The default is "iso-8859-1" if no charset is supplied.

The problem is, that the only available solution to get the charset used in
the request is to grab it from the underlying Apache::Request or
CGI::Request handle - not really easy and not really portable:

my $contentHeader = CTX->request->apache->headers_in()->{ Content-Type };

As different charsets in HTTP requests are very likely to happen in i18n'ed
environments, and the problem is very likely to occur in non-LDAP
environments, too, I would suggest an extension to the
OpenInteract2::Request class, that provides access to the Content-Type HTTP
header, like it already does with some other header fields.

Maybe even a more general approach - exposing all HTTP headers in the
request object - could be suitable: This would remove the need to react on
additional HTTP headers by code changes forever.

Regards,

Martin Kutter

Kutter Martin

2004-09-08 08:07:00 UTC

Permalink

Hi Andreas,

This looks like the default solution. Unfortunately, SPOPS::Tool::UTFConvert
always assumes iso-8859-a (Latin1) as originating charset, which is not
neccessarily true.

So, this does not work for charsets other than Latin1. The ability to grab
the charset from the request in conjunction with a slightly modified
SPOPS::Tool::UTFConvert ( use the request's charset, if given) would remove
the problem completely.

Regards,

Martin Kutter

-----Original Message-----
From: openinteract-dev-***@lists.sourceforge.net
[mailto:openinteract-dev-***@lists.sourceforge.net]On Behalf Of
***@Bertelsmann.de
Sent: Mittwoch, 8. September 2004 11:53
To: openinteract-***@lists.sourceforge.net
Subject: AW: [Openinteract-dev] Small i18n issue

Hi Martin,

We had the same problem with reading Umlaut characters with LDAP for the
user names. You can solve this by adding the following to the spops.perl
file of the package in question:

rules_from => [ 'SPOPS::Tool::UTFConvert' ],

Hope that helped...

Mit freundlichen Grüßen
Andreas Nolte
Leitung IT
-------------------------------------------------
arvato direct services
Olympiastraße 1
26419 Schortens
Germany
http://www.arvato.com/
***@bertelsmann.de
Telefon +49 (0) 44 21 - 76-84002
Telefax +49 (0) 44 21 - 76-84111

-----Ursprüngliche Nachricht-----
Von: openinteract-dev-***@lists.sourceforge.net
[mailto:openinteract-dev-***@lists.sourceforge.net]
Gesendet: Mittwoch, 8. September 2004 11:33
An: 'openinteract-***@lists.sourceforge.net'
Betreff: [Openinteract-dev] Small i18n issue

Hi * !

I ran into a small internationalization issue, today.
I'm running a OI2 site with SPOPS::LDAP as backend.
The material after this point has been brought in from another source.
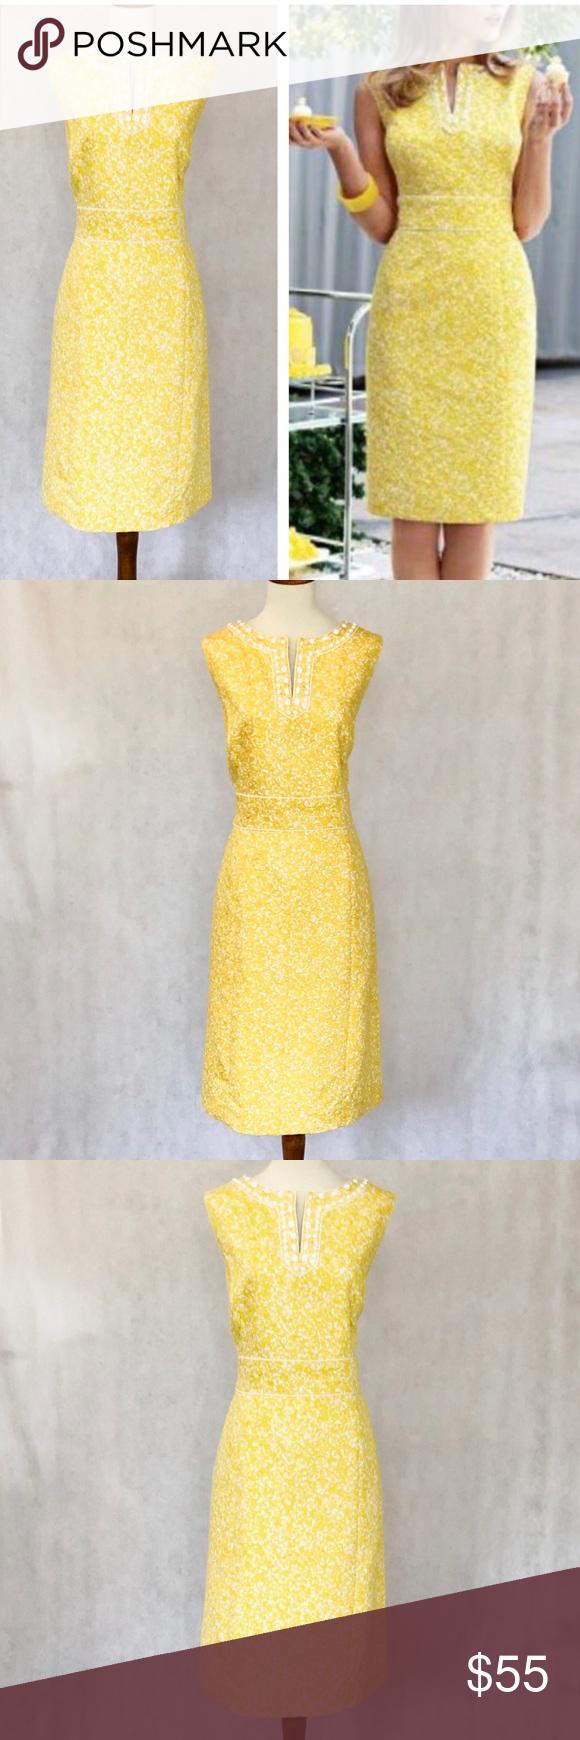 Tahari Yellow White Floral Beaded Neck Dress Dresses Neck Dress Tahari Dress [ 1740 x 580 Pixel ]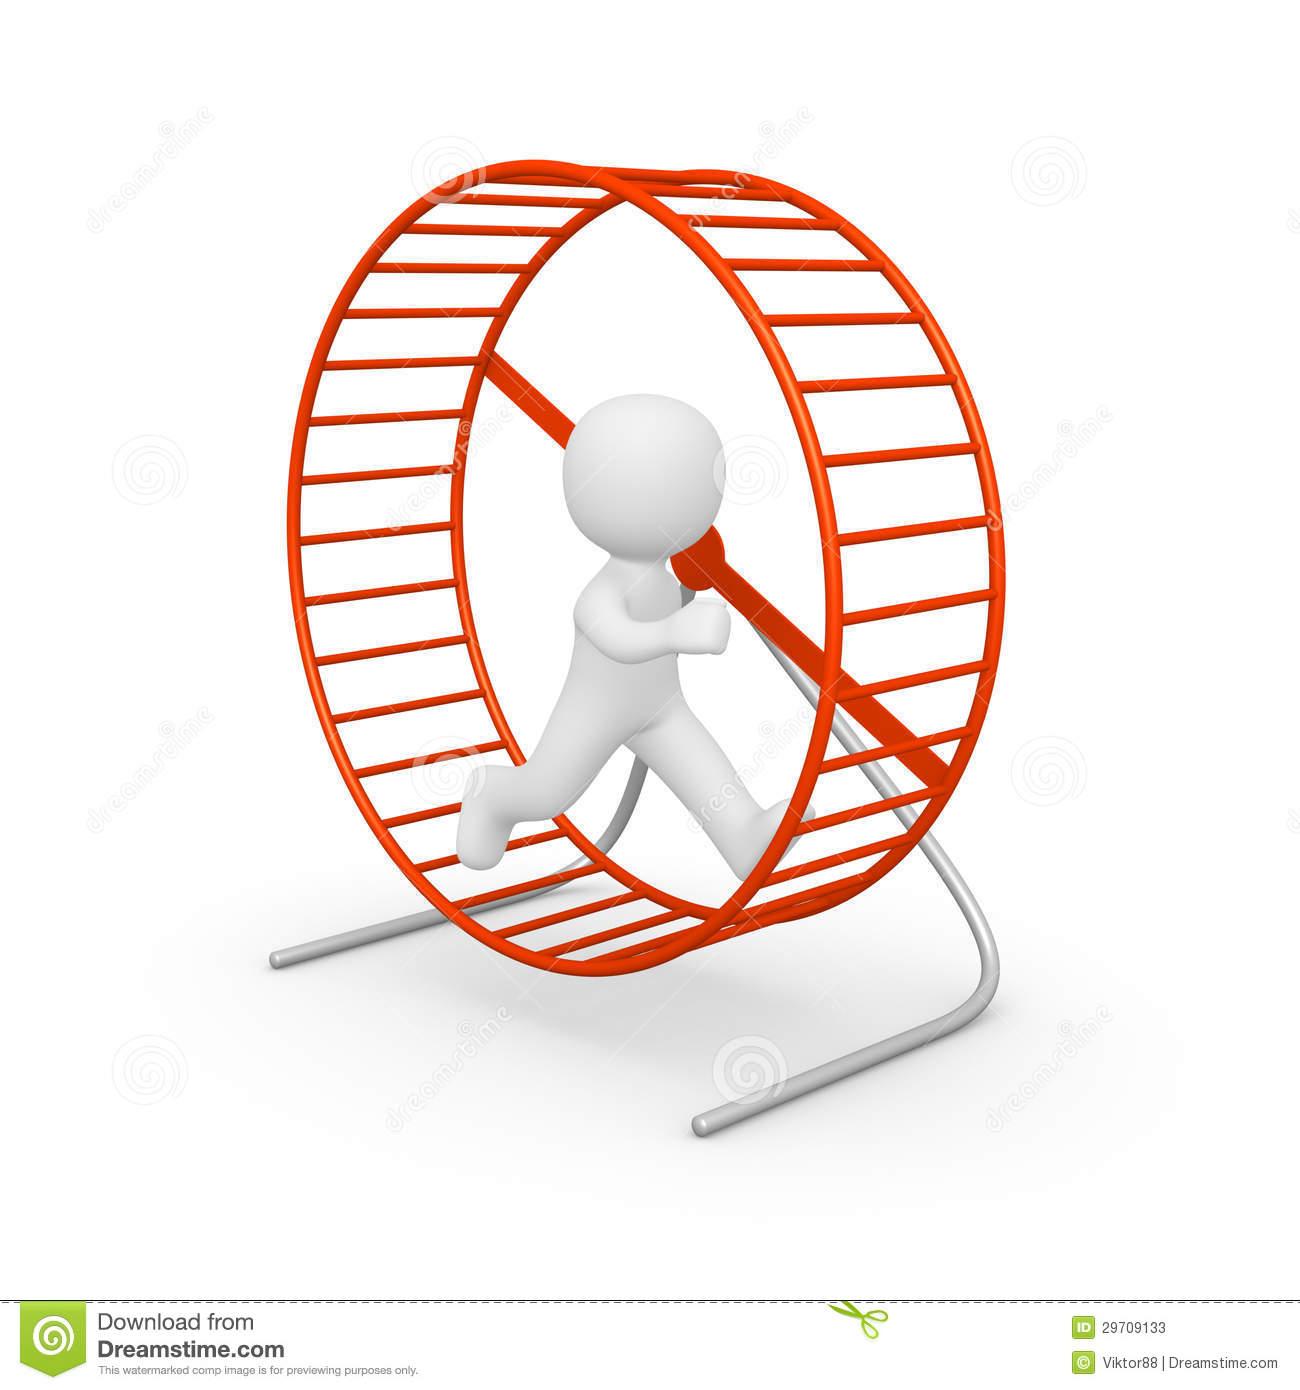 People On Hamster Wheel Clipart.

On storing non-ASCII
characters in the LDAP directory server, this complains that properties with
non-ASCII-characters have an "invalid syntax".

I've been able to track this down to a charset problem.
LDAP expects directoryString attributes to be in UTF-8 encoding. The
perl-ldap interface (Net::LDAP) does not provide UTF-8 conversions by
default, so these are to be done by the application using Net::LDAP. This is
no big deal - just a

use Encode;
$value = decode($charset, $value);

for all the fields to set - but one needs to know the request's charset.

The charset used in the HTTP request is specified by the "charset" attribute
in the Content-Type header.

Example:

Content-Type: multipart/formdata; boundary="--------------12345";
charset="EUC-JP"

The default is "iso-8859-1" if no charset is supplied.

The problem is, that the only available solution to get the charset used in
the request is to grab it from the underlying Apache::Request or
CGI::Request handle - not really easy and not really portable:

my $contentHeader = CTX->request->apache->headers_in()->{ Content-Type };

As different charsets in HTTP requests are very likely to happen in i18n'ed
environments, and the problem is very likely to occur in non-LDAP
environments, too, I would suggest an extension to the
OpenInteract2::Request class, that provides access to the Content-Type HTTP
header, like it already does with some other header fields.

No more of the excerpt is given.